Cette réconciliation marque surtout la reprise « immédiate et graduelle » des liaisons maritimes entre les deux pays, mais aussi la normalisation des « relations commerciales et douanières ». Côté espagnol, on évoque la possibilité d’une réouverture des frontières et des douanes entre le Maroc et l’enclave de Melilla (fermées depuis 2018), et la possibilité pour l’enclave de Ceuta d’être dotée de douanes, une vieille revendication de Madrid.
Une éventualité qui devrait être discutée entre les deux pays au cours des prochains mois. La mesure pourrait offrir une véritable bouffée d’oxygène à Ceuta, dont l’économie, essentiellement basée sur le commerce transfrontalier, est à l’agonie depuis plus de deux ans.

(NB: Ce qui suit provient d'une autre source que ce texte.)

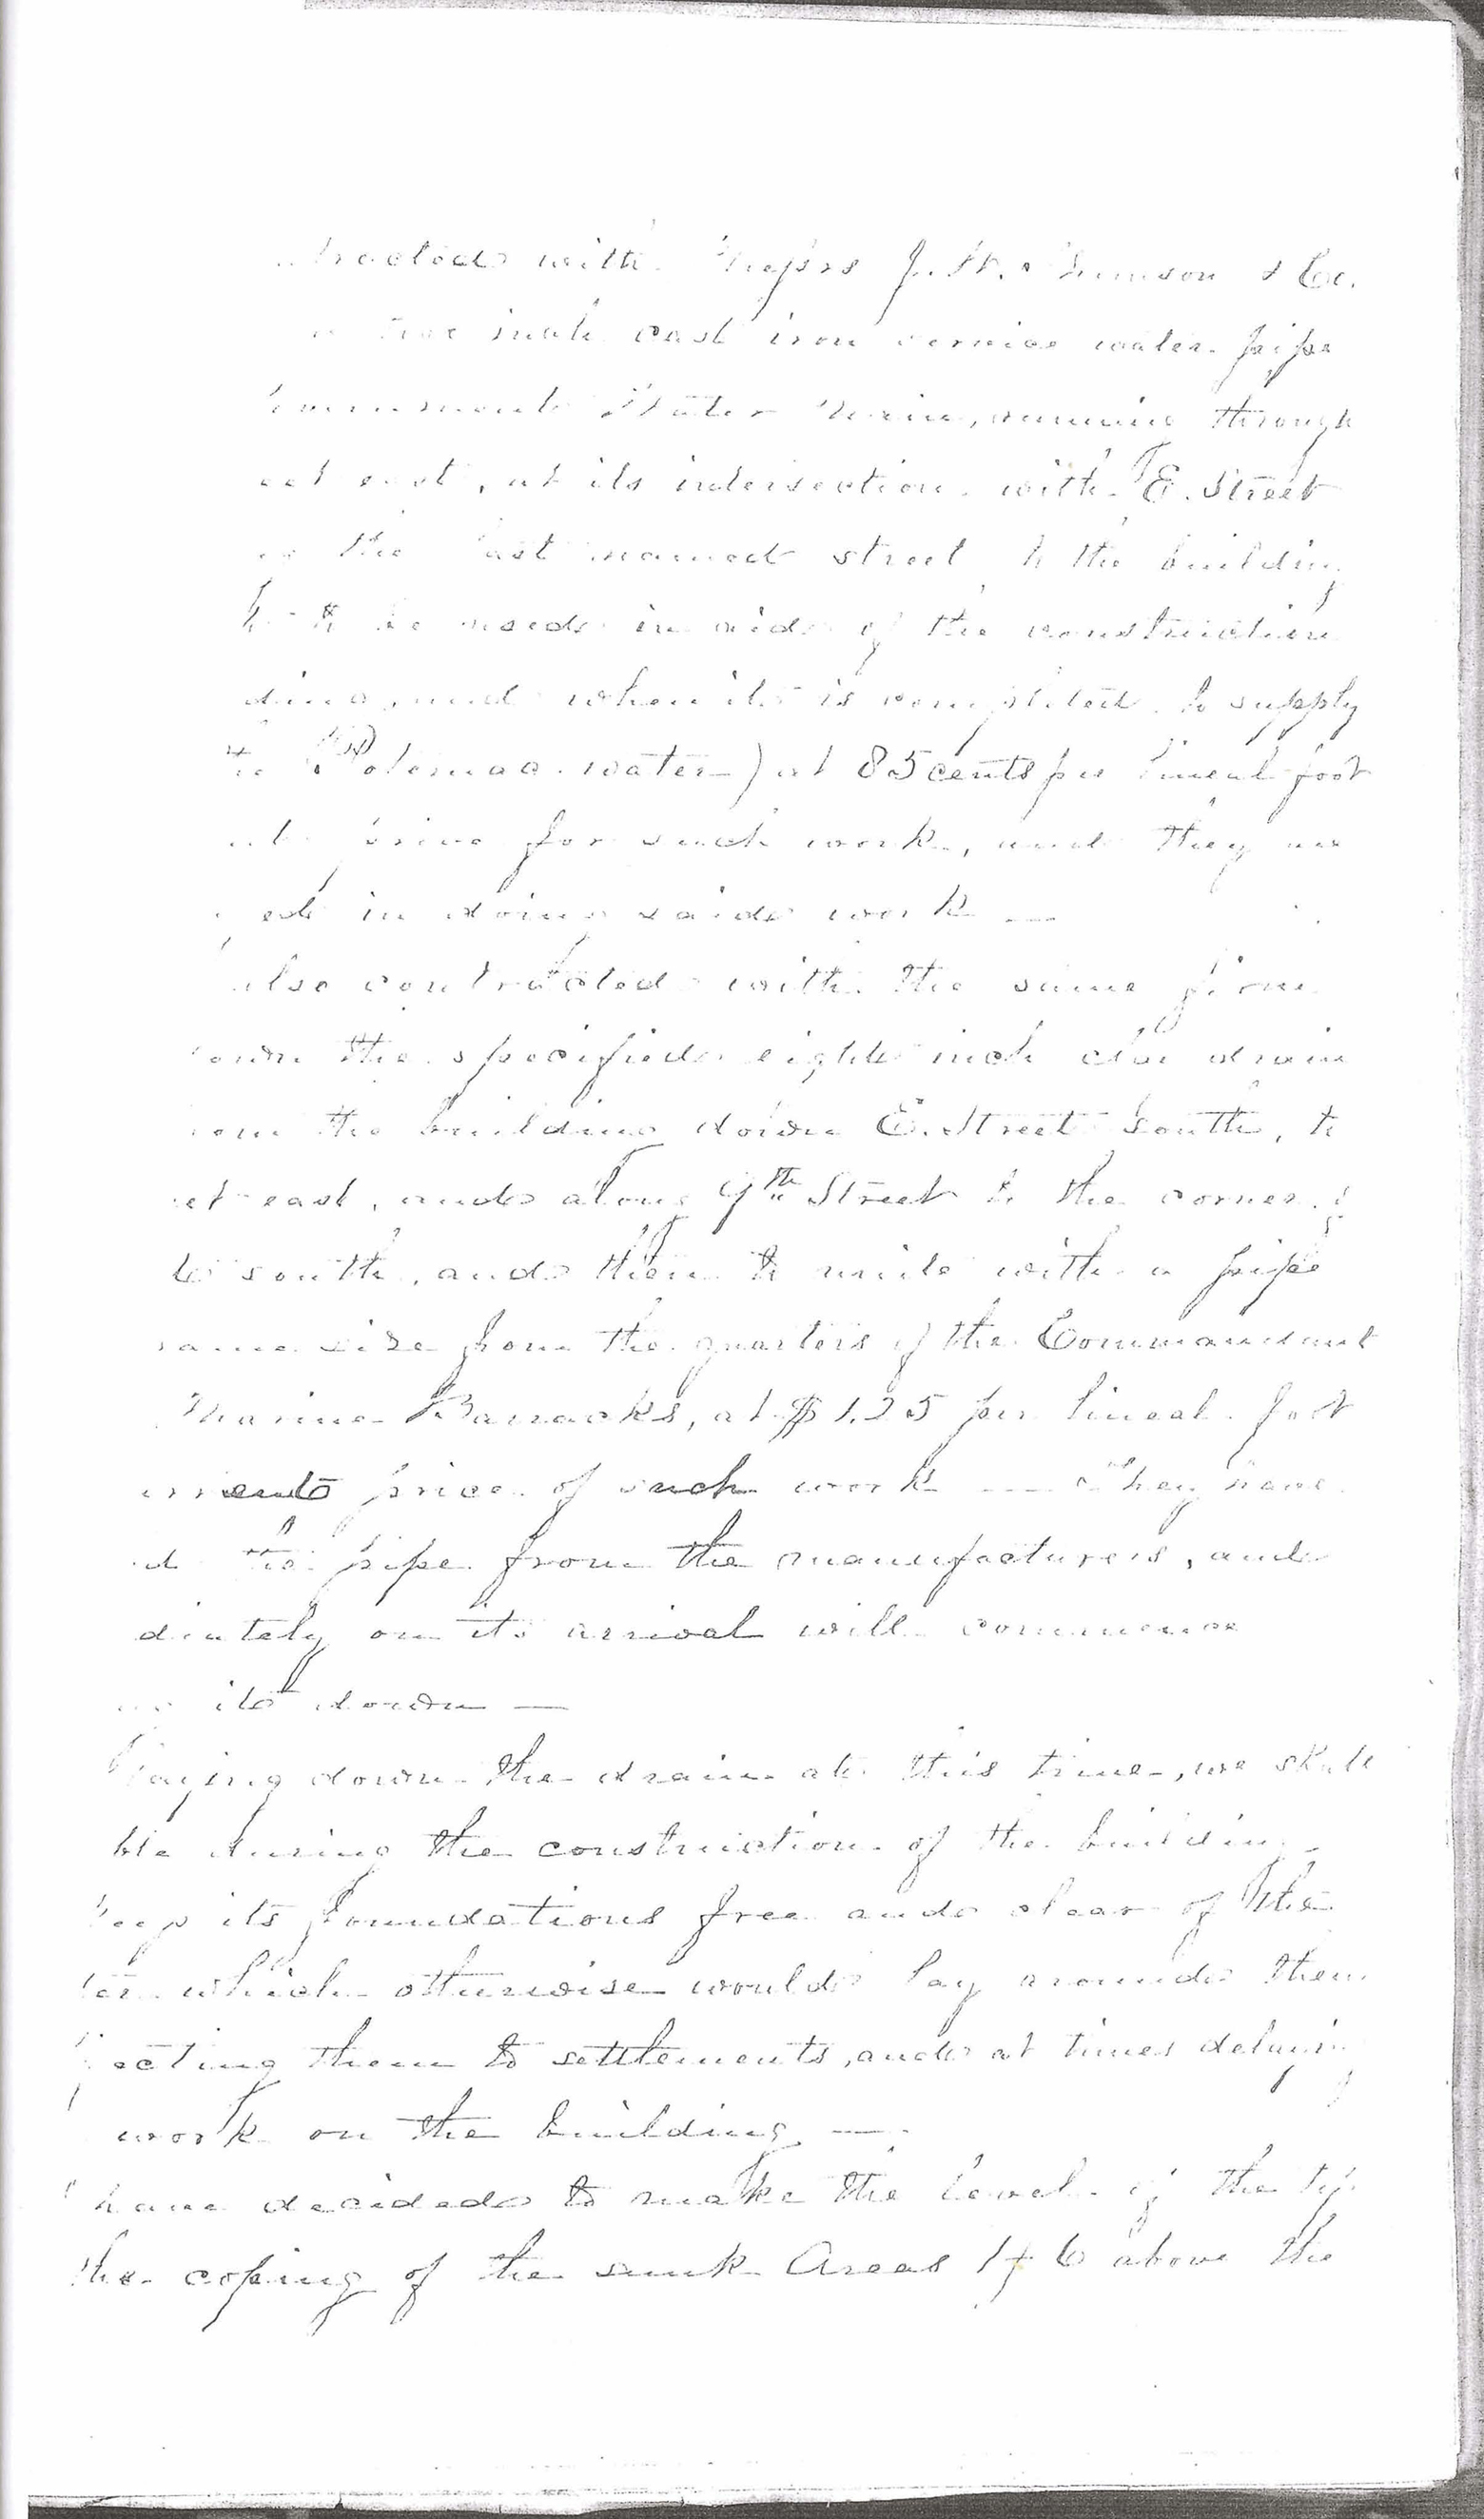 Monthly Report of the Superintendent of Construction, November 1, 1864, Page 2 of 3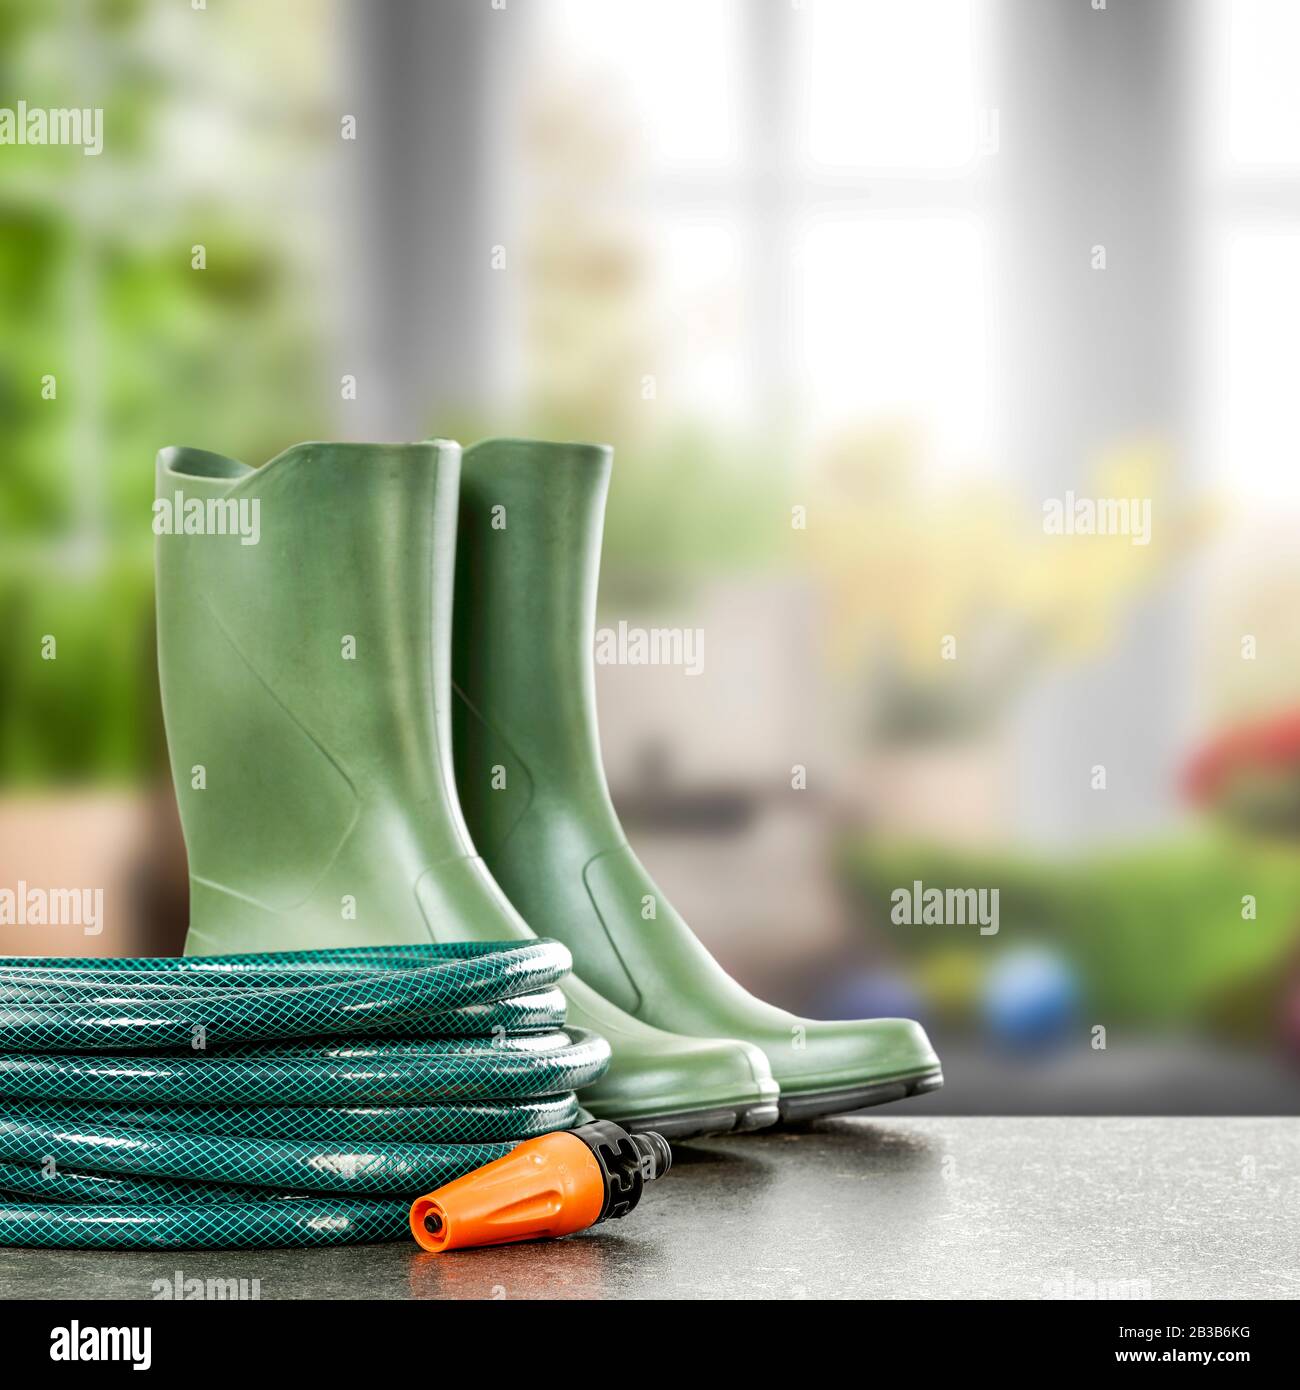 Spring time in the garden. Gardening equipment with blurred idyllic rural picture background outside the window. Stock Photo

Présides espagnols : Rabat relâche la pression
Pour autant, le Maroc ne s’est pas explicitement engagé à ne plus revendiquer les deux enclaves espagnoles. Interrogé sur ce sujet au cours d’un point presse donné juste après la rupture du jeûne, Pedro Sánchez a affirmé que le statut actuel de Ceuta et Melilla n’était pas « en danger ». De façon subtile, le Premier ministre espagnol laisse donc entendre que Rabat pourrait, au moins pour un temps, ne plus exercer de pressions sur ces territoires contestés.
Autre dossier important, dans le domaine de la coopération militaire cette fois : le contrat de construction, dans les chantiers navals Navantia, à San Fernando (Cadix), d’un patrouilleur Avante 1800 pour la marine royale marocaine, dont la livraison devait avoir lieu en 2024.
Un contrat négocié par le roi Felipe VI en personne en 2020 et suspendu après le « Ghali Gate » en avril 2021. Pour l’Espagne, il s’agit d’un dossier éminemment important puisque la construction d’un tel navire pourrait rapporter 130 millions d’euros et permettre la création de 250 emplois directs sur une période de plus de trois ans. Pedro Sánchez aurait abordé le sujet au cours de son audience avec le roi.
C’est que le Premier espagnol a besoin de marquer des points auprès de l’opinion publique. Juste avant son arrivée à Rabat, Sánchez a essuyé un camouflet au Congrès des députés espagnols, qui a dénoncé l’abandon de la position « historique » de neutralité de Madrid sur le Sahara.